Writings

Opinion: Inside COP26. It's like a tornado that may end in a whimper

Torn from its post and flapping in the bitter Glasgow wind, the huge COP26 banner seemed like an ill omen.

We stood on the pavement: thousands of delegates on the first day of the major climate summit, unable to get inside.

An hour later and I was bundled straight into a live television interview – as first Boris Johnson and then Prince Charles took to the stage behind me … my sense of foreboding didn’t improve.

Both spoke well and with passion. Boris maintained an earnest tone, later telling a roundtable of leaders of developing nations: “When it comes to tackling climate change, words without action, without deeds, are absolutely pointless.”

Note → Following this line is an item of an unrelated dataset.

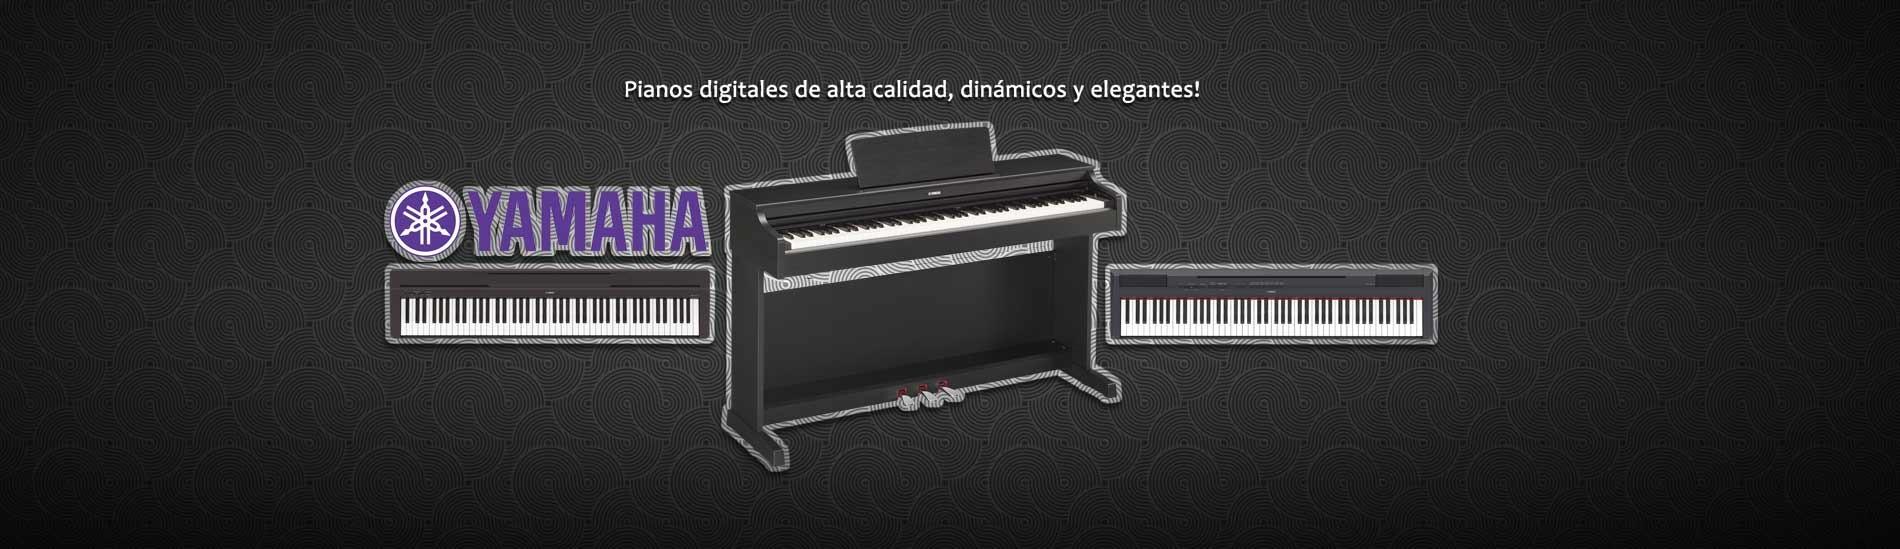 Pianos digitales Yamaha

Then he flew back to London on a private jet – as did many others if the photographs of small planes lined up at nearby airports are to be believed.

Things really get going for the rest of us at the Conference of the Parties (shortened to COP) after the leaders take their leave.

There are more than 20,000 official delegates not to mention the many thousands more journalists and observers.

Unlike many attendees, I have a chance to take in all the different sides of the summit.

It’s a bit like being inside a tornado.

While I’m a delegate in the official blue zone – giving press conferences and interviews, meeting fellow academics, scientists and civil servants – I’m also an activist on the streets, taking part in peaceful protest, giving speeches to crowds, and much more.

Many people in the blue zone, where the negotiations take place, have a great air of self-importance; they walk very fast, with faces fixed in a serious expression.

Of course, what is going on here is super-important. It is nothing less than our very futures that are at stake.

But the tragic truth is, no matter what happens now, COP26 is not going to ‘fix’ things. It can’t.

As I’ve discussed with colleagues here, such as Elizabeth May MP, Canada’s answer to Green Party MP (and former party leader) Caroline Lucas, conferences like this don’t have anything like the powers that they really need.

You see, the treaty that fixed the ozone hole – the 1987 Montréal protocol – worked because it had enforcement powers. The power to enact trade sanctions against non-compliant nations.

So when the COP process began more than 25 years ago, finance and trade ministers, the World Trade Organisation and big finance made sure that couldn’t happen again by preventing climate agreements from having any sanctions (eg trade sanctions) with which to enforce them.

We’ll never get a climate agreement that actually works until that changes.

And it won’t change without a much greater public protest: bigger even than the heroic school climate strikes led by kids in cities like Norwich, London and Glasgow and across the world, initiated by my friend and colleague Greta Thunberg.

So, when the news comes through next Friday that COP has ended with a whimper, and a deal that goes nowhere near far enough, don’t be surprised.

But do be a bit angry – and filled with fresh determination to step up and help change the future.

Being here in Glasgow has confirmed my understanding that governments won’t show the leadership necessary to prevent climate chaos, which in the next century will destroy the Broads and inundate most of East Anglia’s coast, unless we get in its way. And that’s just for starters.